Exercise requirements:
An exact reprint of every record below is required, with the pictures left out.

The data:
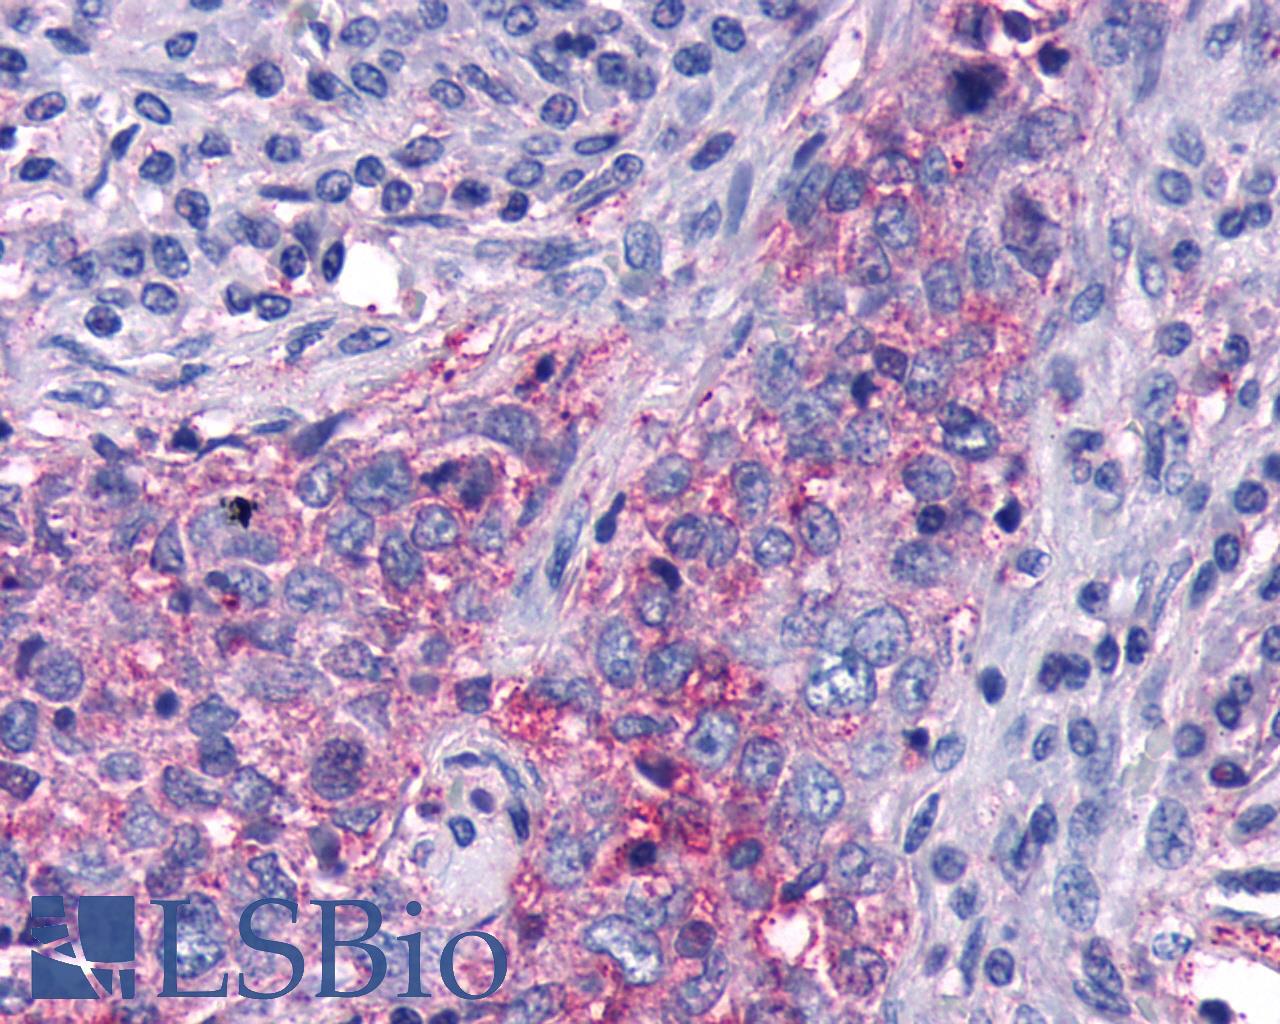 FZD5 / Frizzled 5 Antibody - Breast, Carcinoma
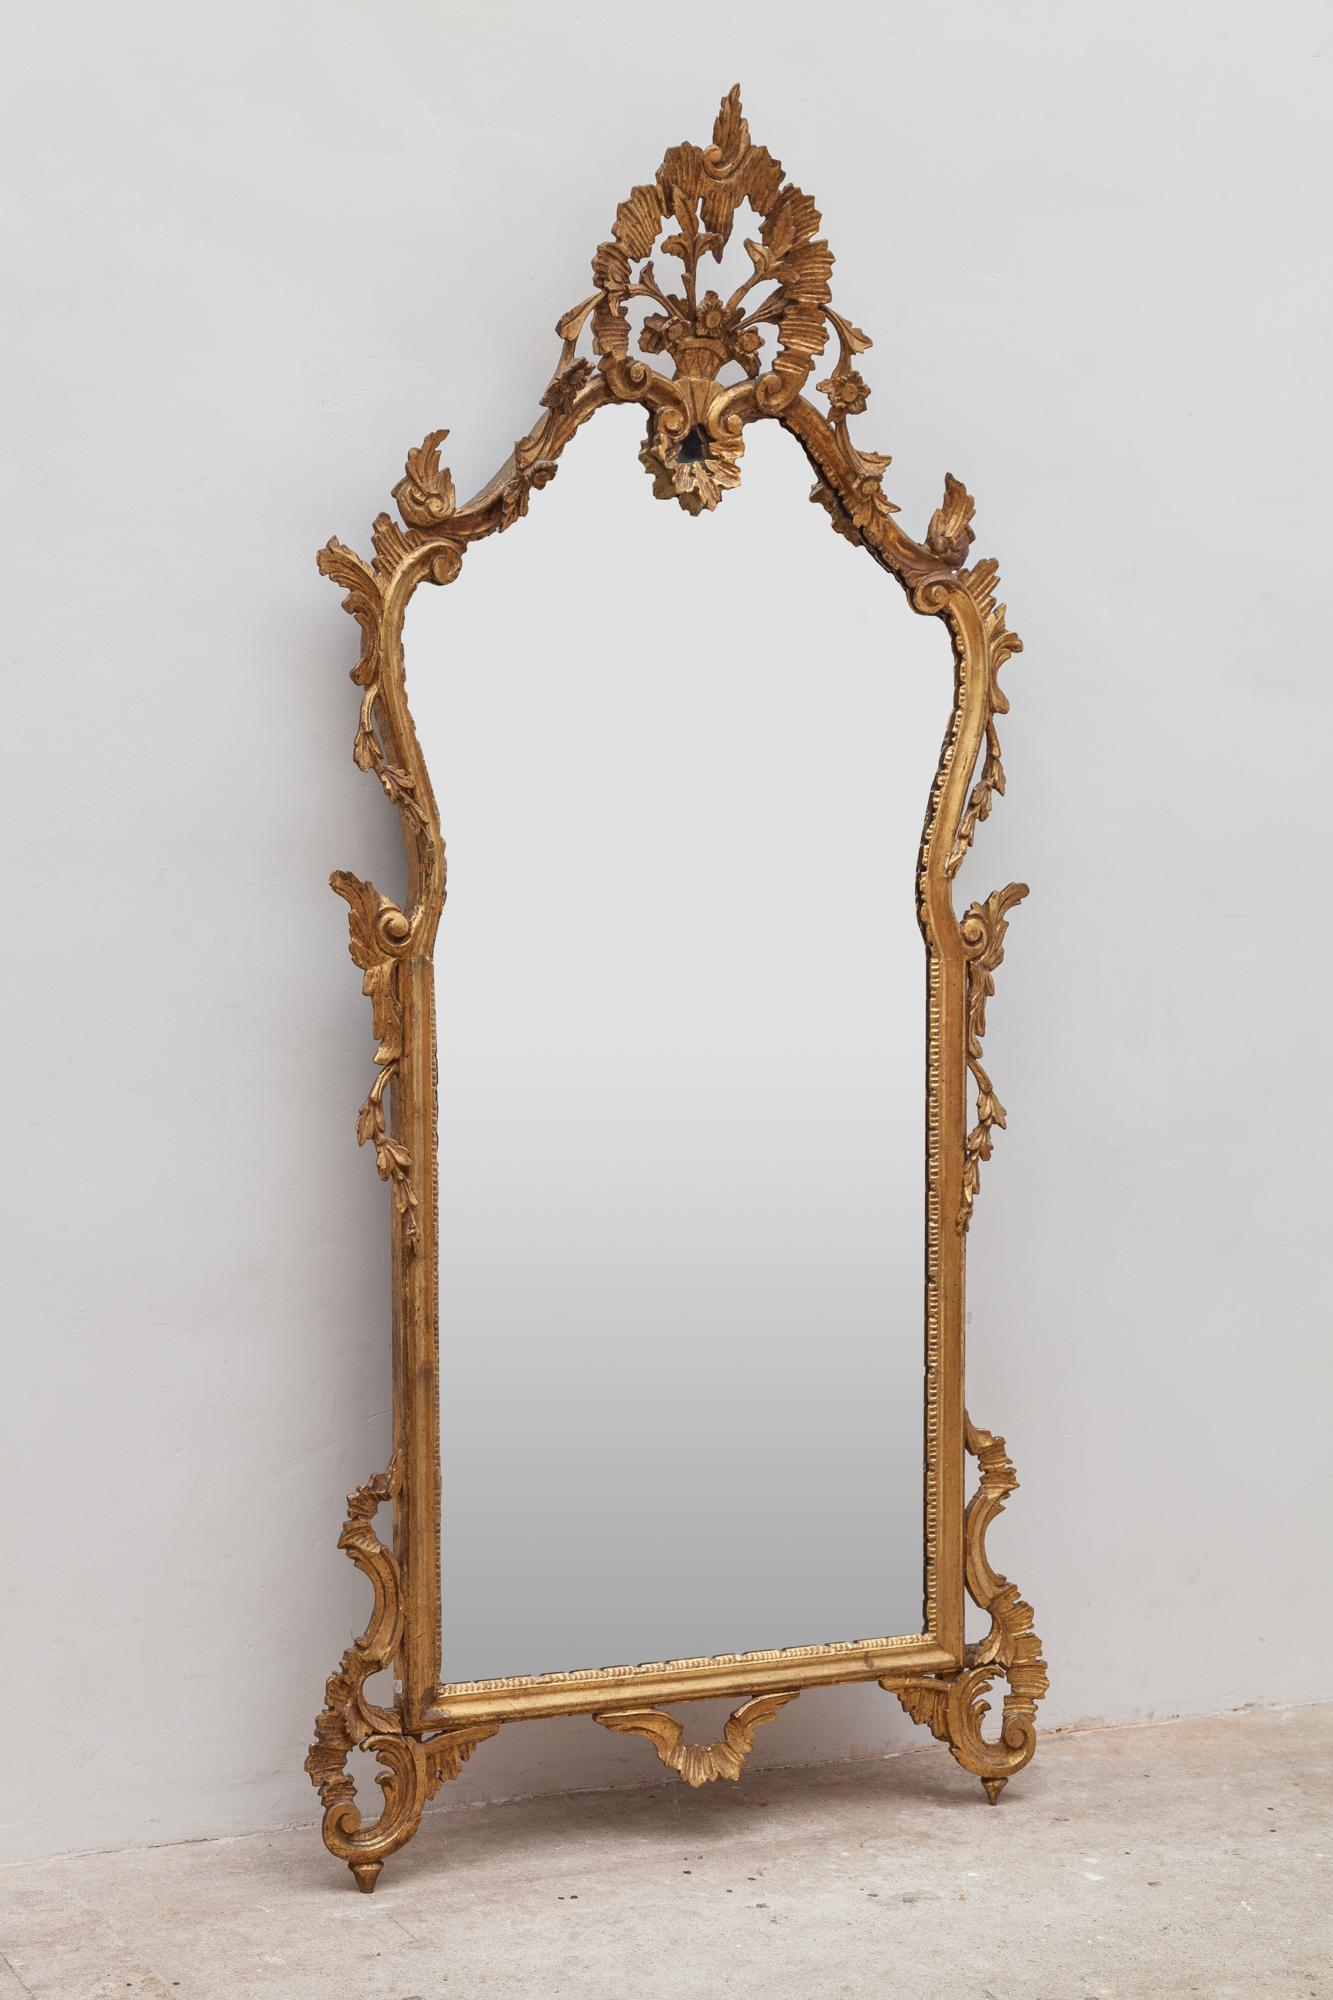 spiegel im Rokoko-Stil aus dem 19. Jahrhundert, goldfarbener Rahmen mit Darstellung eines Blumenkorbs. Der Spiegel ist in einem ausgezeichneten Zustand, ohne Kratzer auf dem Glas.
Der französische Rokoko-Revival-Spiegel aus den 1860er Jahren wird
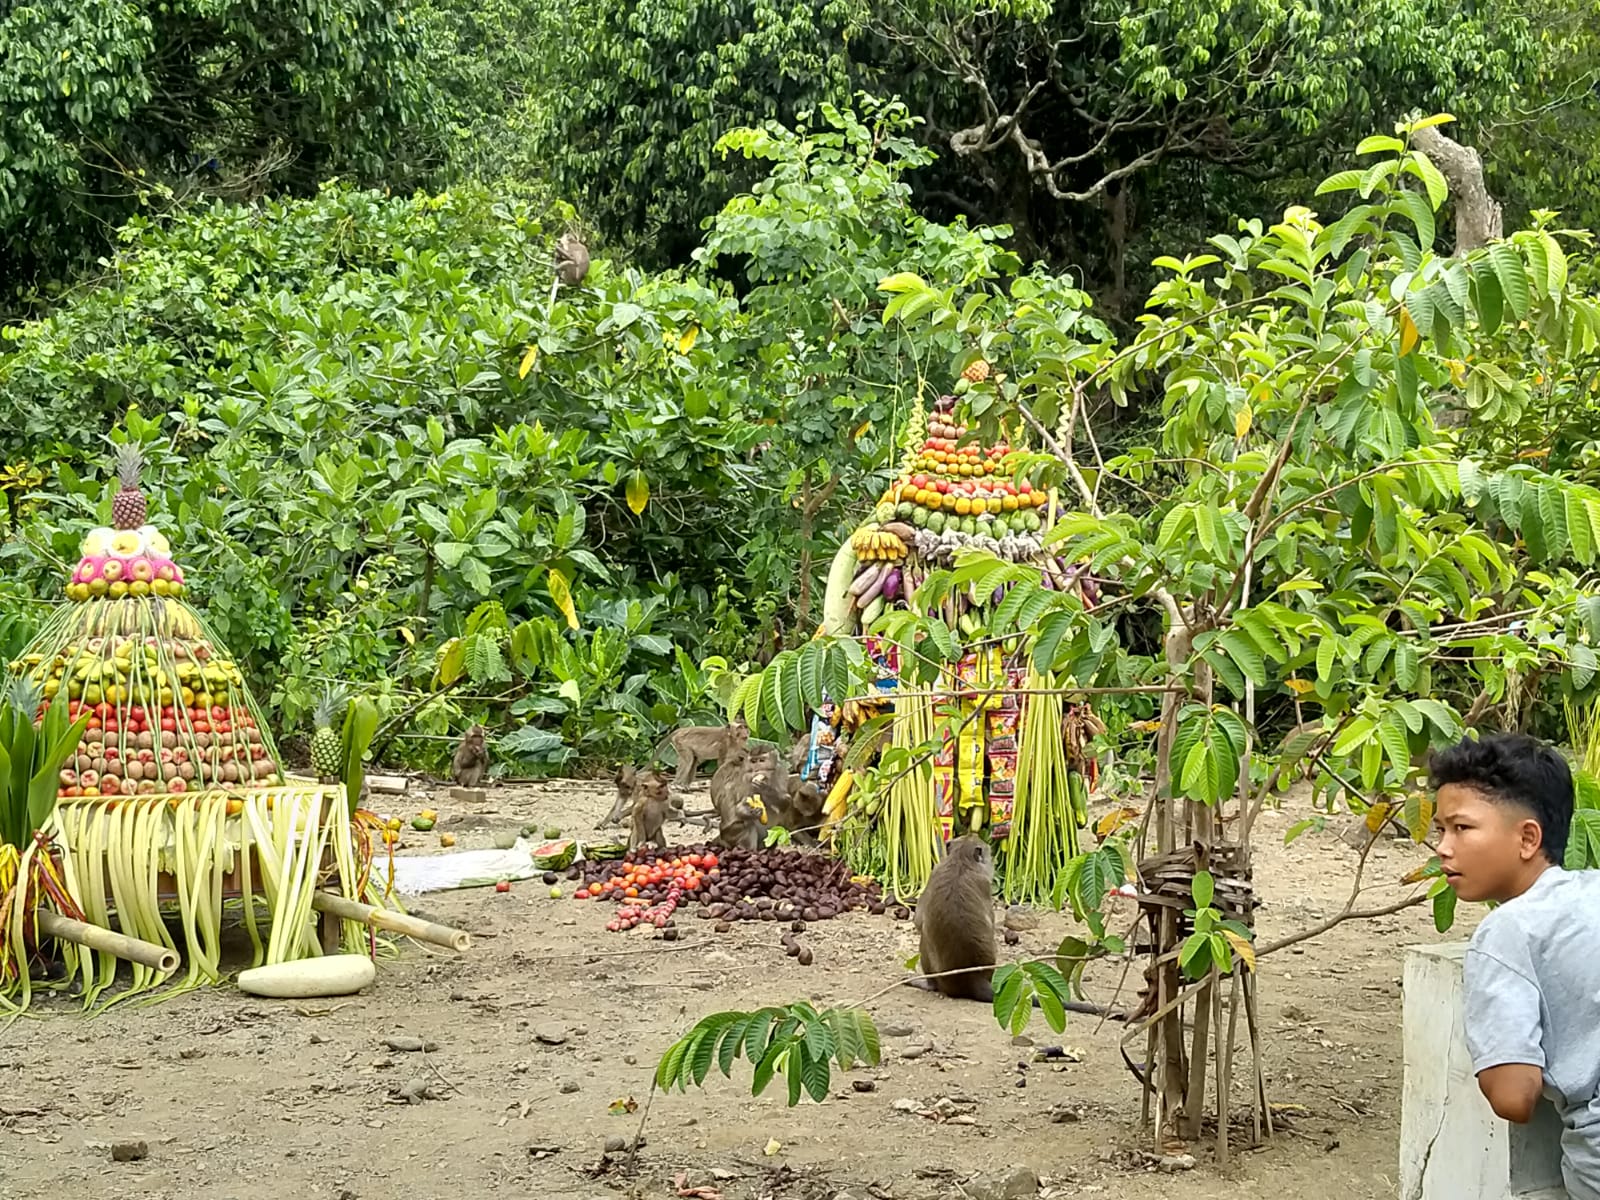 Festival Rewanda Bojana Digelar di Desa Cikakak, Banyumas, Tradisi Memberi Makan Kera Ekor Panjang
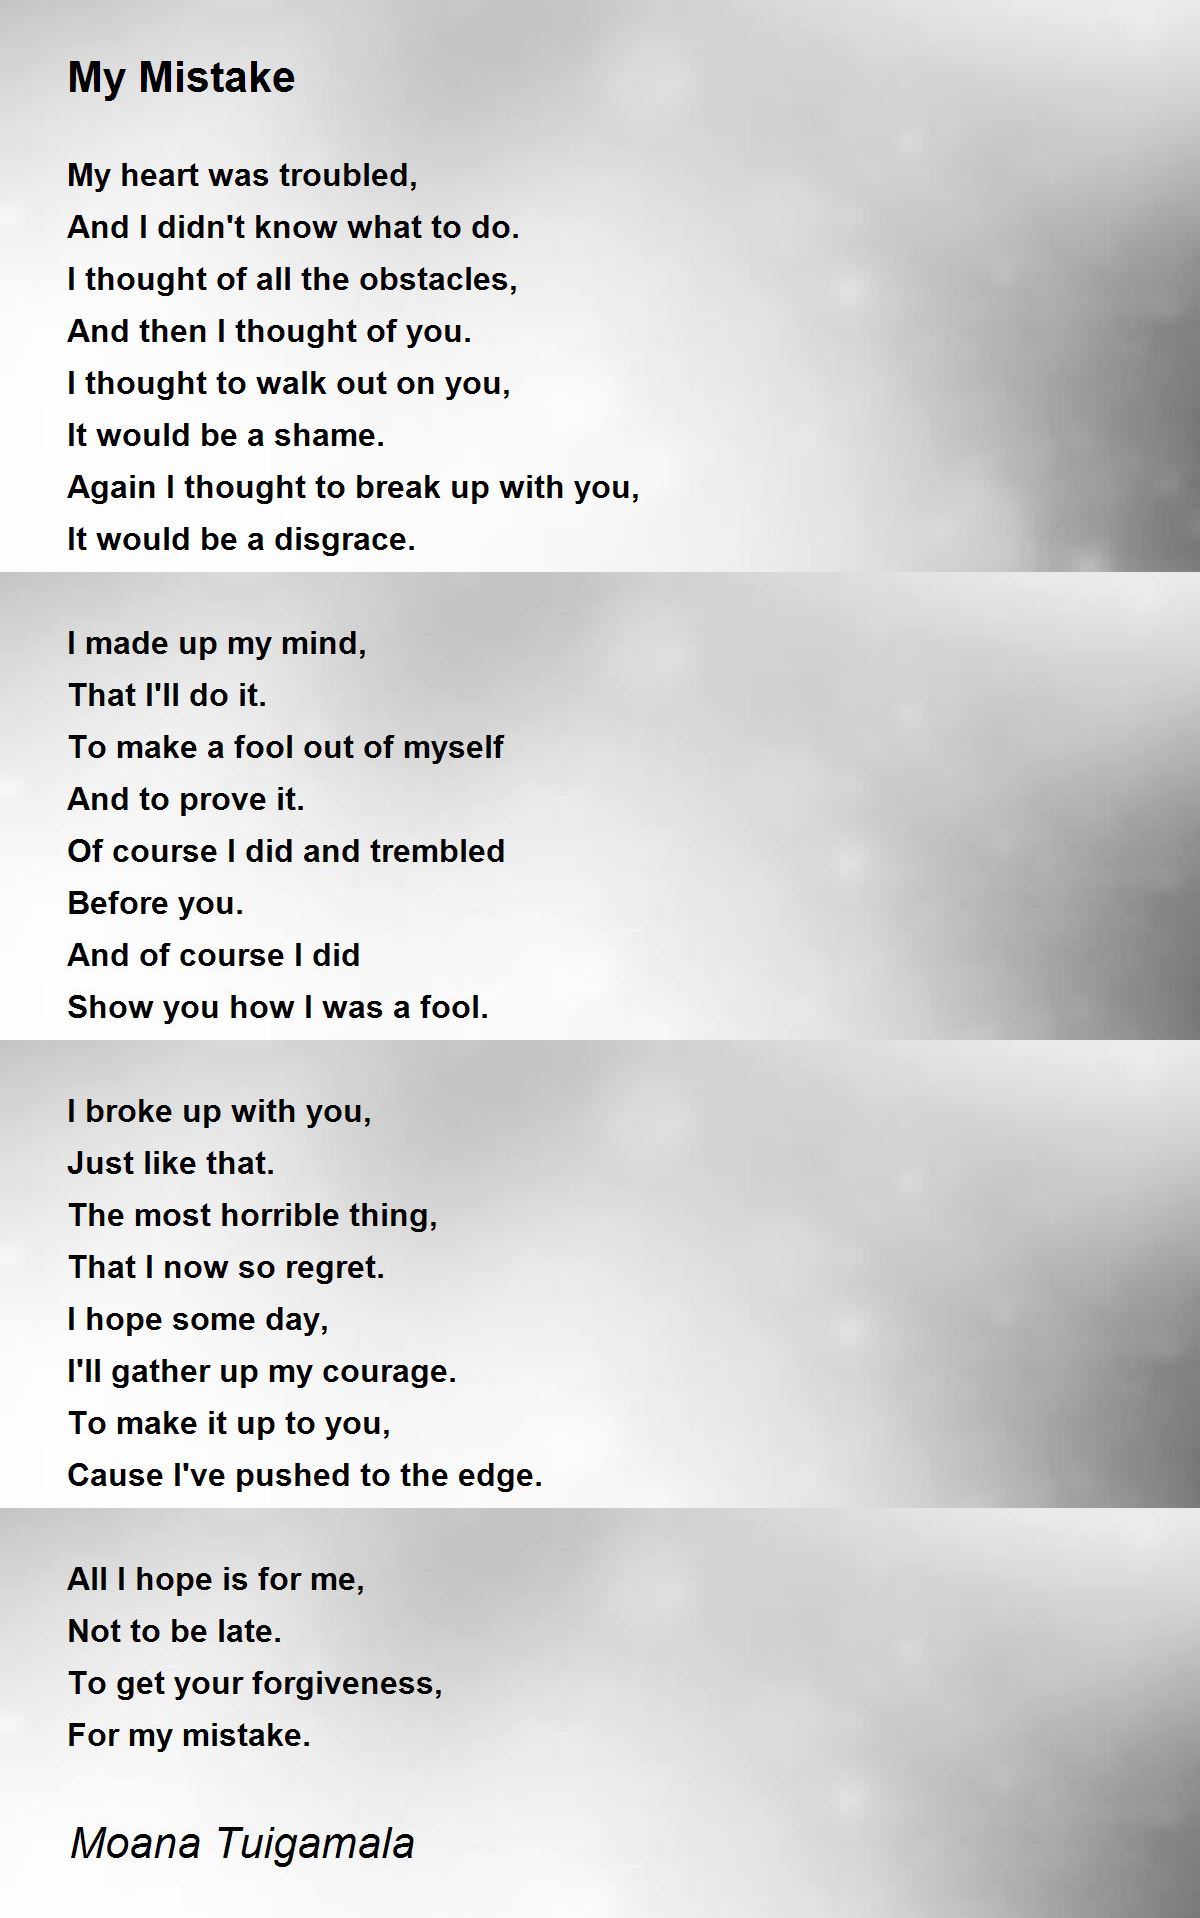 Quieting Mistake - Quieting Mistake Poem by Ima Ryma

Output of the task:
 FZD5 / Frizzled 5 Antibody - Breast, Carcinoma
 spiegel im Rokoko-Stil aus dem 19. Jahrhundert, goldfarbener Rahmen mit Darstellung eines Blumenkorbs. Der Spiegel ist in einem ausgezeichneten Zustand, ohne Kratzer auf dem Glas.
Der französische Rokoko-Revival-Spiegel aus den 1860er Jahren wird
 Festival Rewanda Bojana Digelar di Desa Cikakak, Banyumas, Tradisi Memberi Makan Kera Ekor Panjang
 Quieting Mistake - Quieting Mistake Poem by Ima Ryma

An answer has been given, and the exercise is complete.